■ TASK TO CARRY OUT:
In the copy, every line of the material that follows must appear exactly, and no pictures should.

■ DATASET EXCERPT:
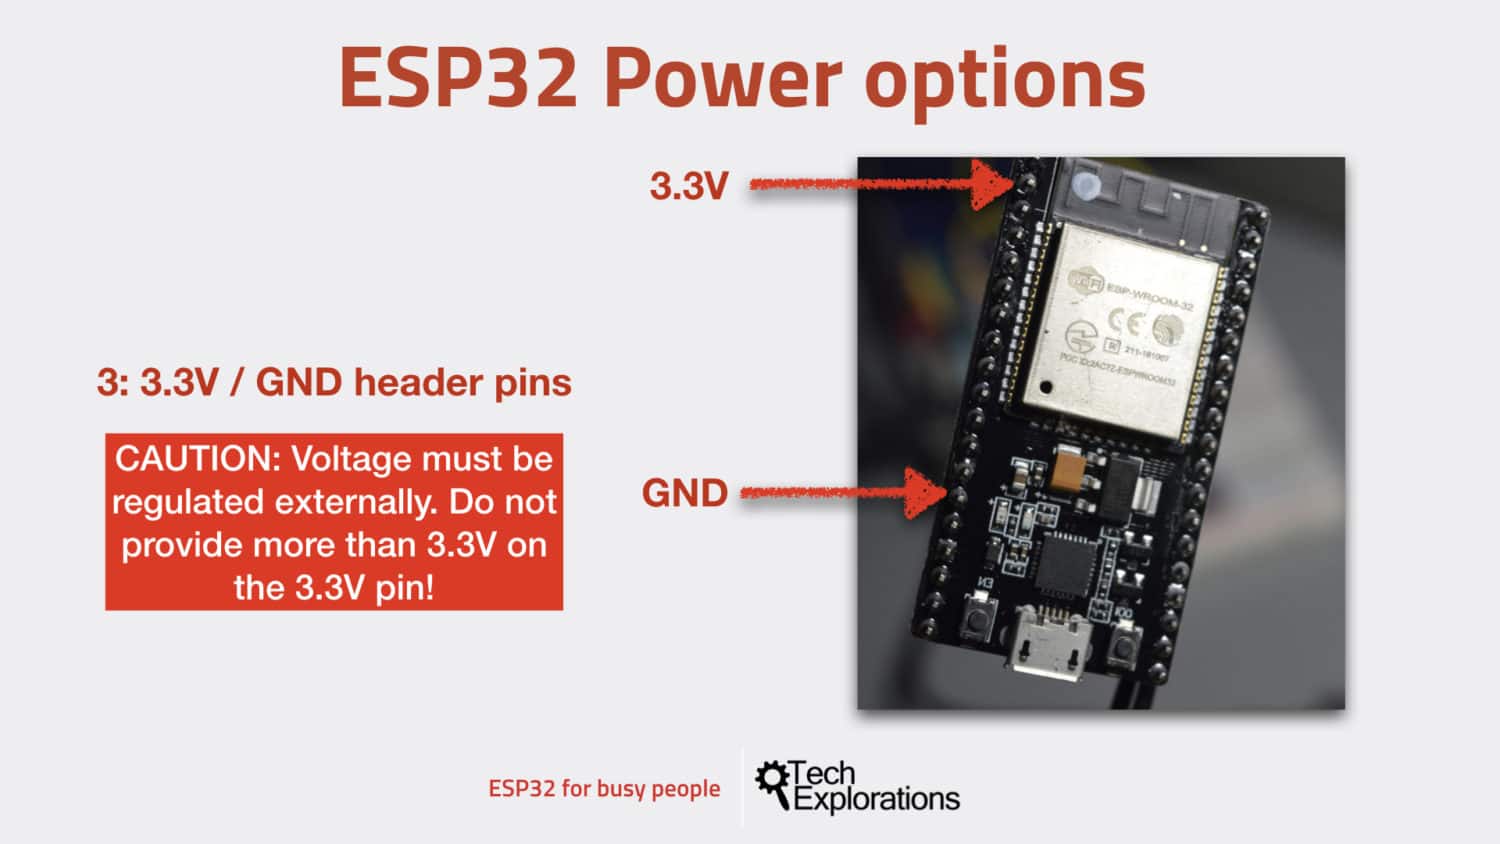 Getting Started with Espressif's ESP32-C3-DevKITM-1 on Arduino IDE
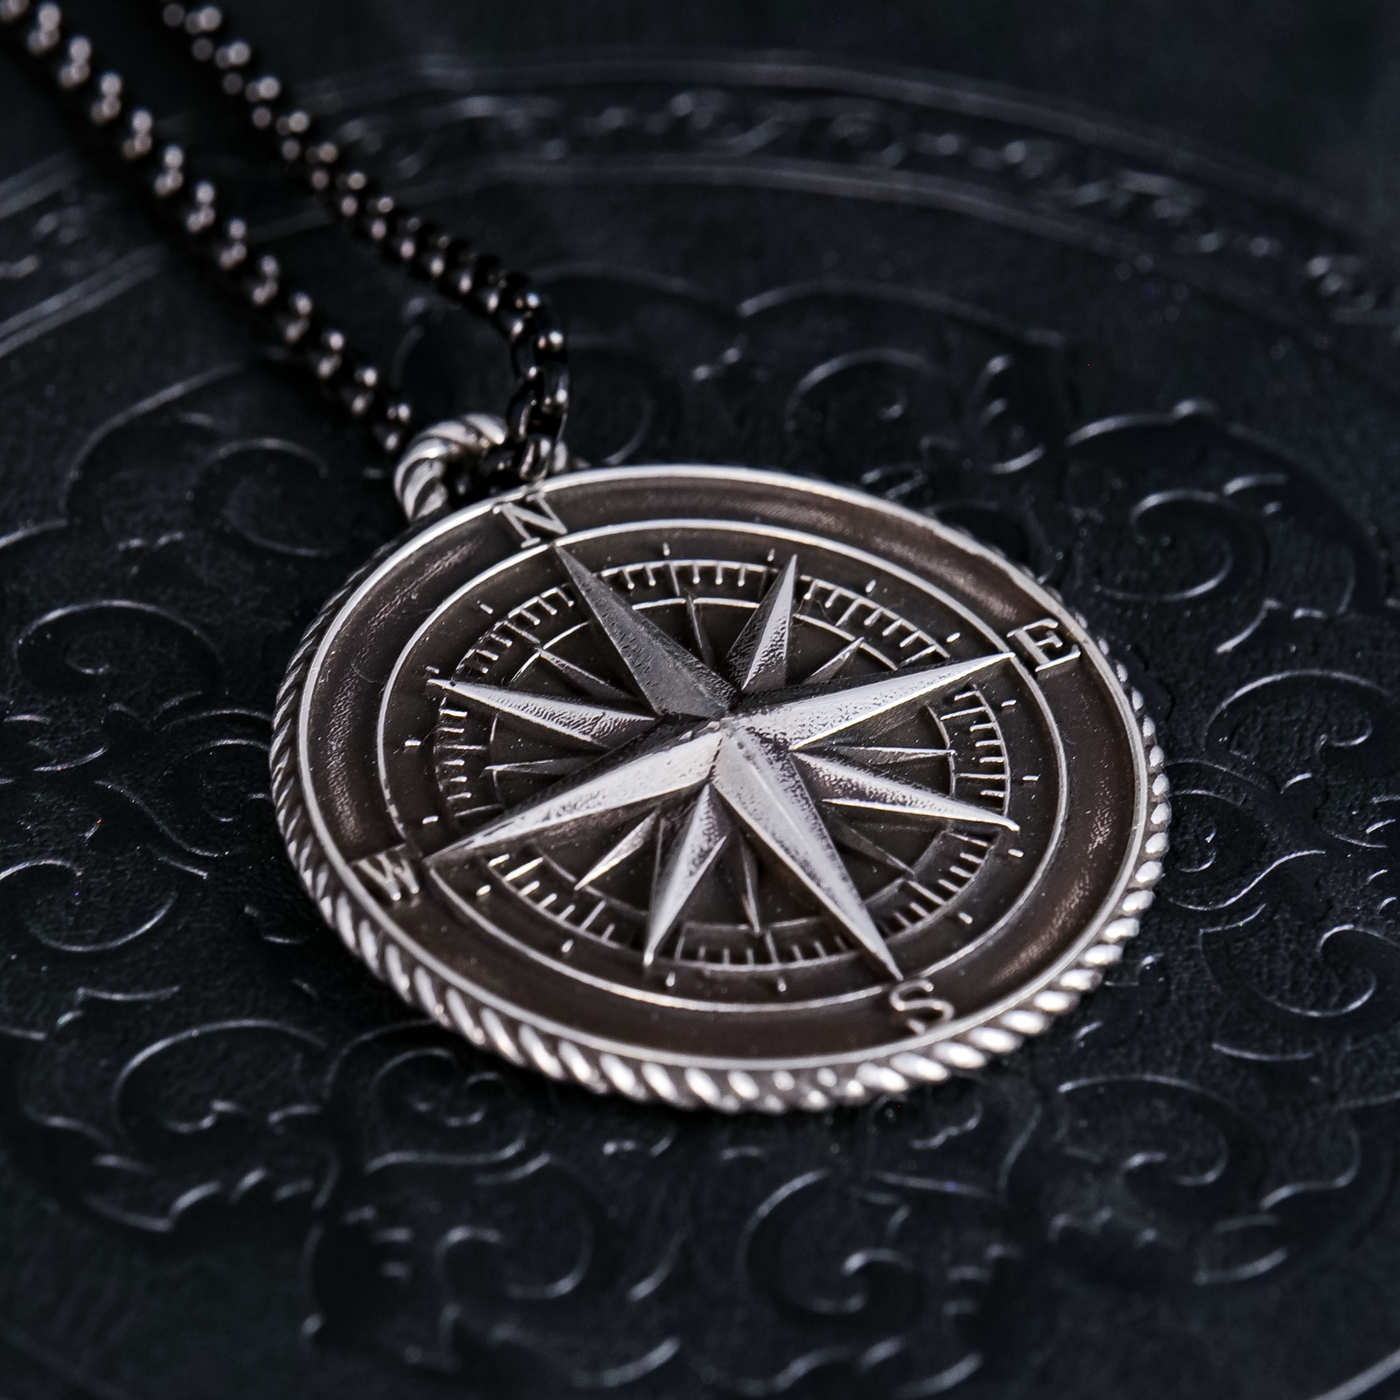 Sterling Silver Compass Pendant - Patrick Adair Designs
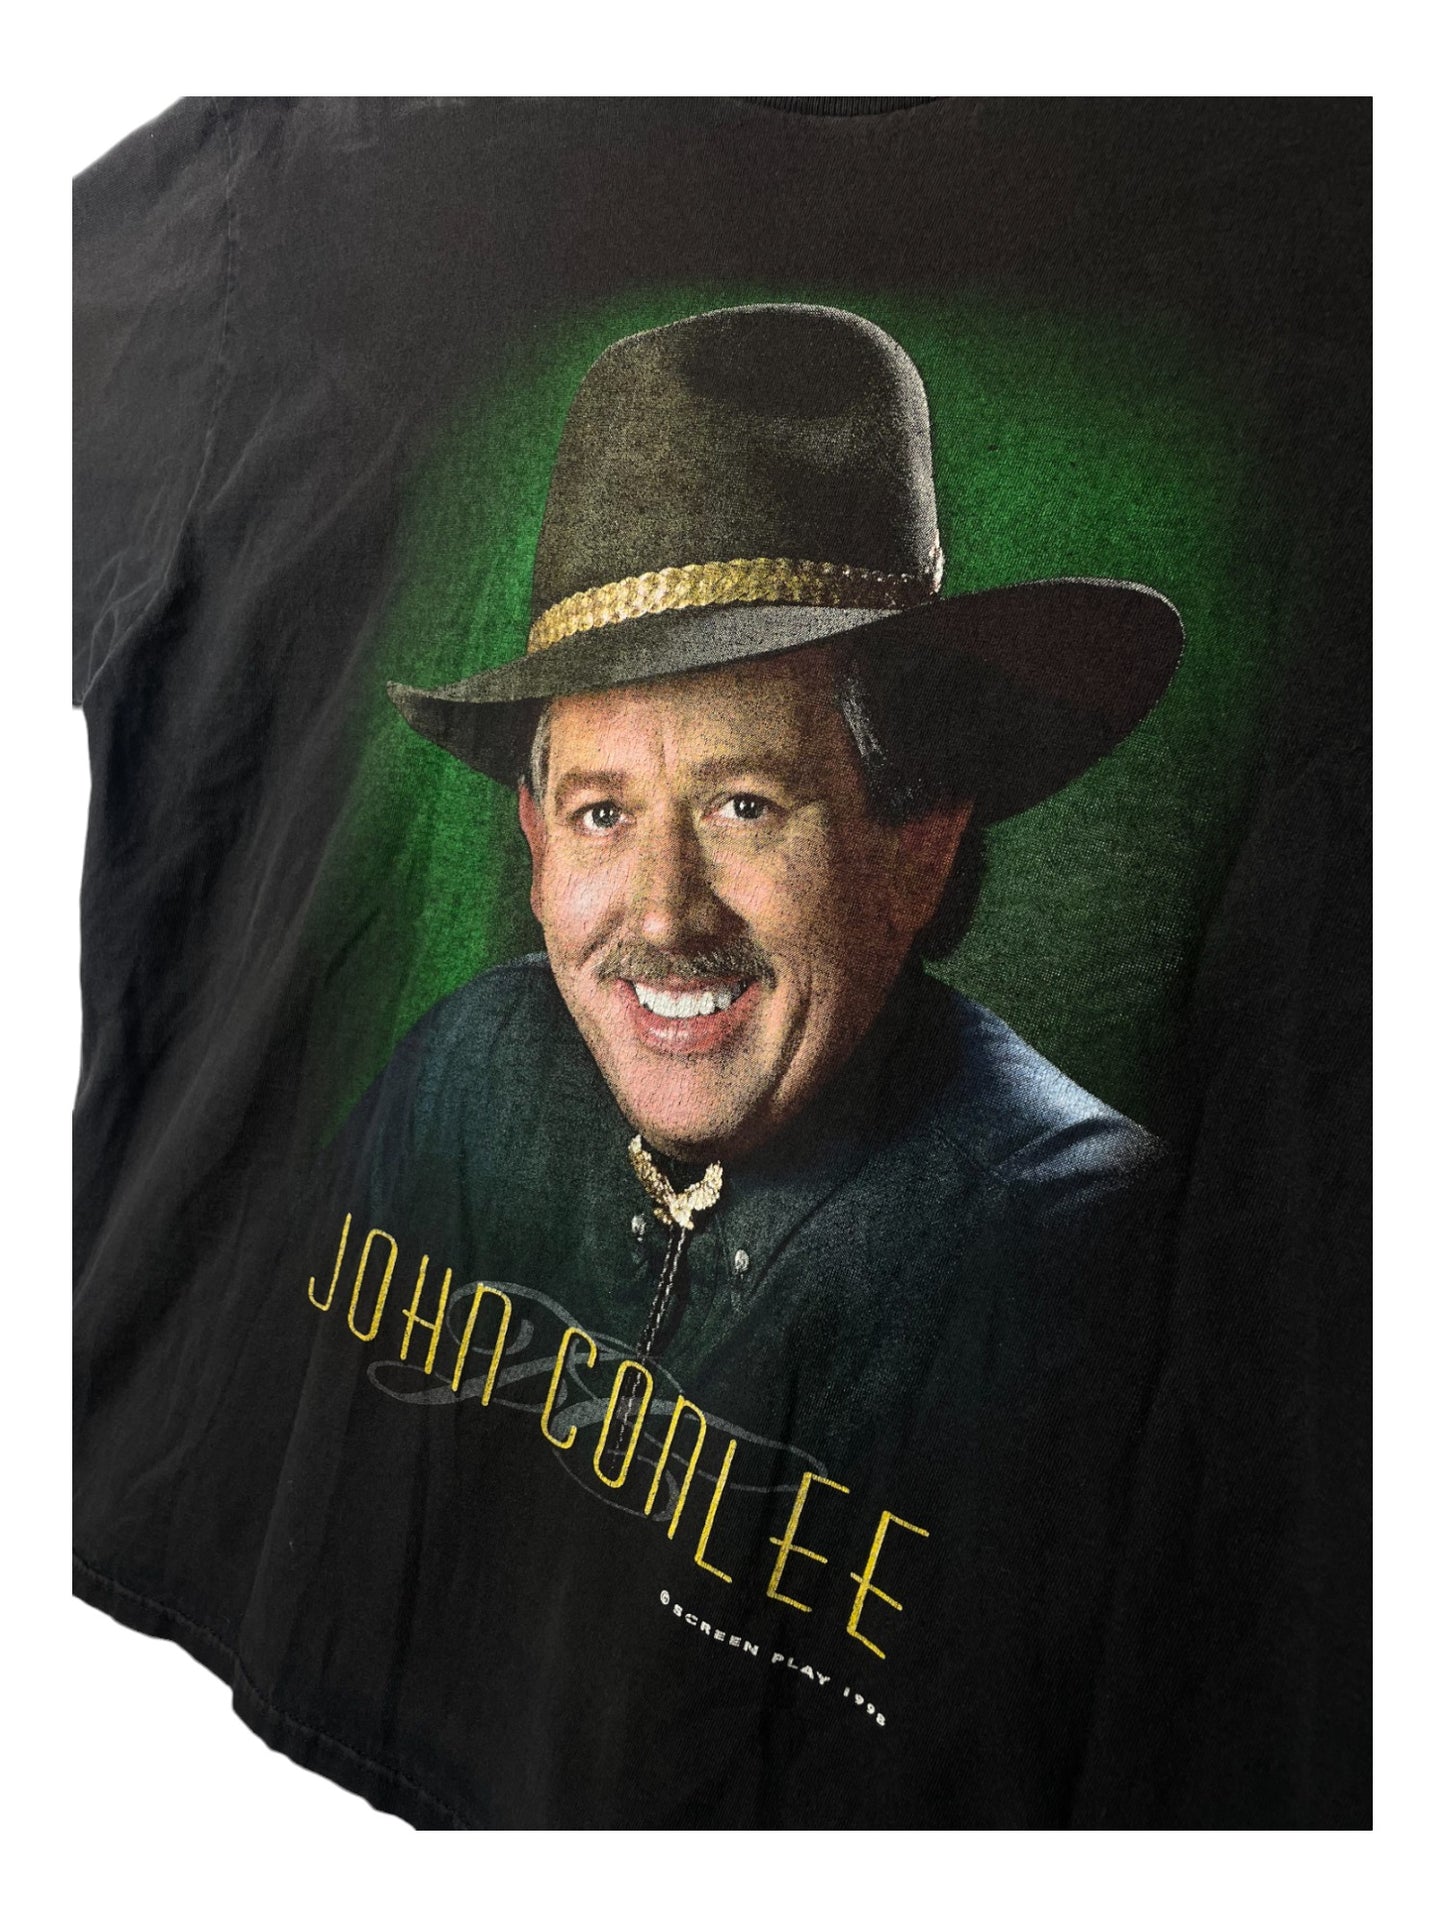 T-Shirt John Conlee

■ ANSWER SECTION:
 Getting Started with Espressif's ESP32-C3-DevKITM-1 on Arduino IDE
 Sterling Silver Compass Pendant - Patrick Adair Designs
 T-Shirt John Conlee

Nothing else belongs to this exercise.